An open API service indexing awesome lists of open source software.

Awesome Lists | Featured Topics | Projects

https://github.com/evizero/ksvm.jl

Support Vector Machines (SVM) in pure Julia
https://github.com/evizero/ksvm.jl

Last synced: about 2 months ago
JSON representation

Support Vector Machines (SVM) in pure Julia

Awesome Lists containing this project

README

        

# KSVM

[![Project Status: Suspended - Initial development has started, but there has not yet been a stable, usable release; work has been stopped for the time being but the author(s) intend on resuming work.](http://www.repostatus.org/badges/latest/suspended.svg)](http://www.repostatus.org/#suspended)
[![License](http://img.shields.io/badge/license-MIT-brightgreen.svg?style=flat)](LICENSE.md)

# **DEVELOPMENT CURRENTLY ON HOLD**

A Julia package for research and application of linear- and non-linear Support Vector Machines (SVM).

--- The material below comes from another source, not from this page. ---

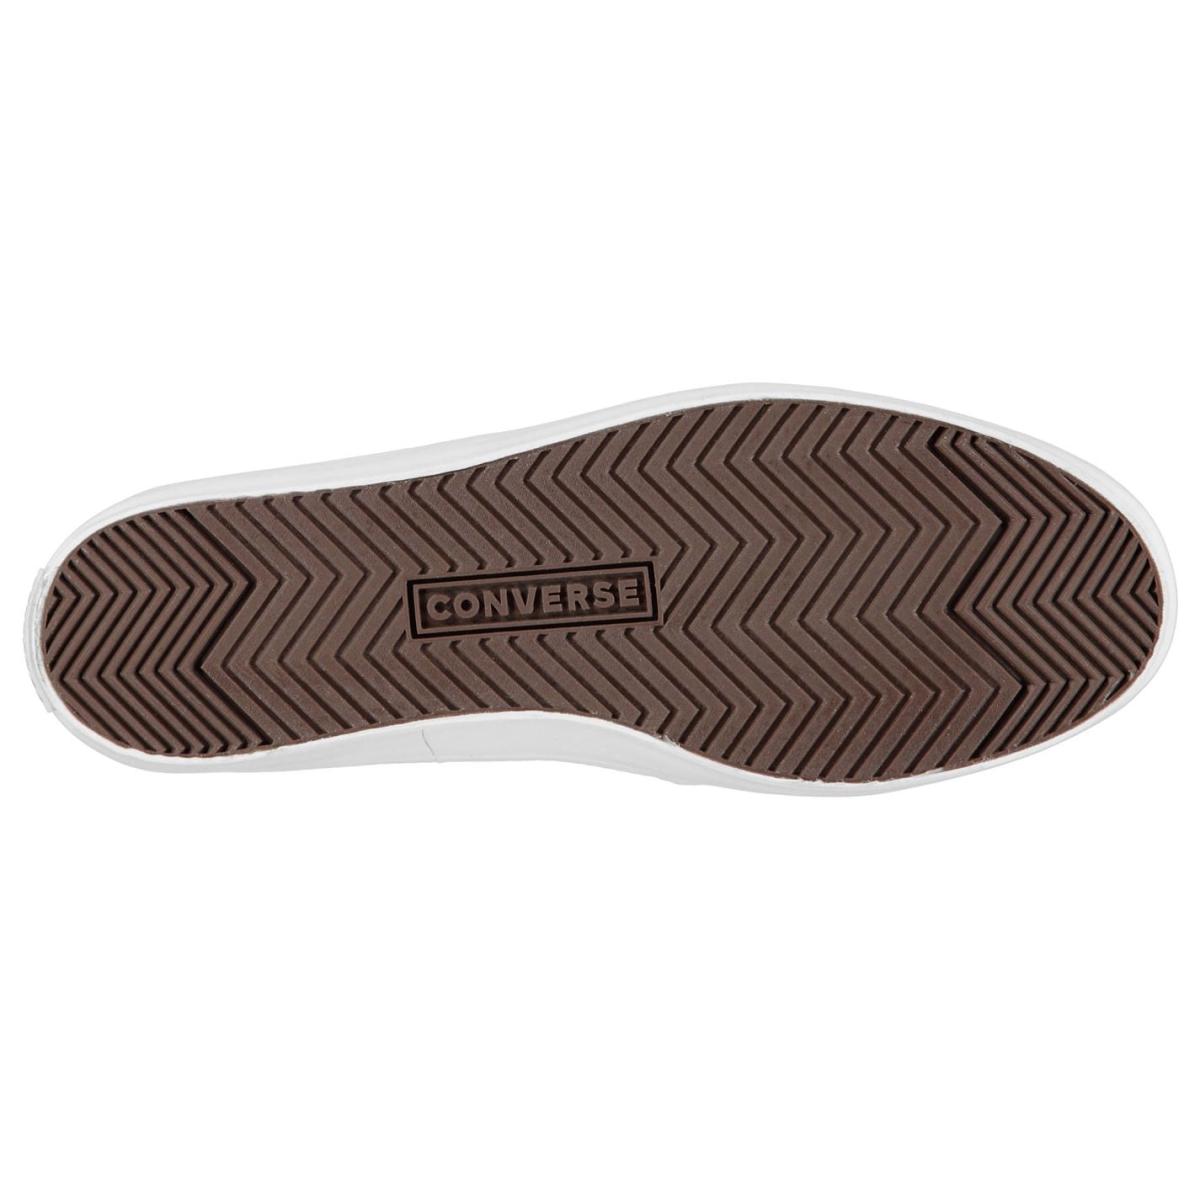 Converse-Ox-Costa-Turnschuhe-Damen-Sneaker-Sportschuhe-Laufschuhe-6172 Indexbild 6

This package aims to make use of [Julia](http://julialang.org/)'s strength in order
to provide an easily extensible, highly modular, and at the same time computationally efficient framework for SVMs.

#### Why Julia?

Julia's high-level language design (which should feel familiar to the scientific community),
combined with it's high-performance, may have the potential to bridge the two-language problem,
that is arguably associated with research and application of machine learning algorithms.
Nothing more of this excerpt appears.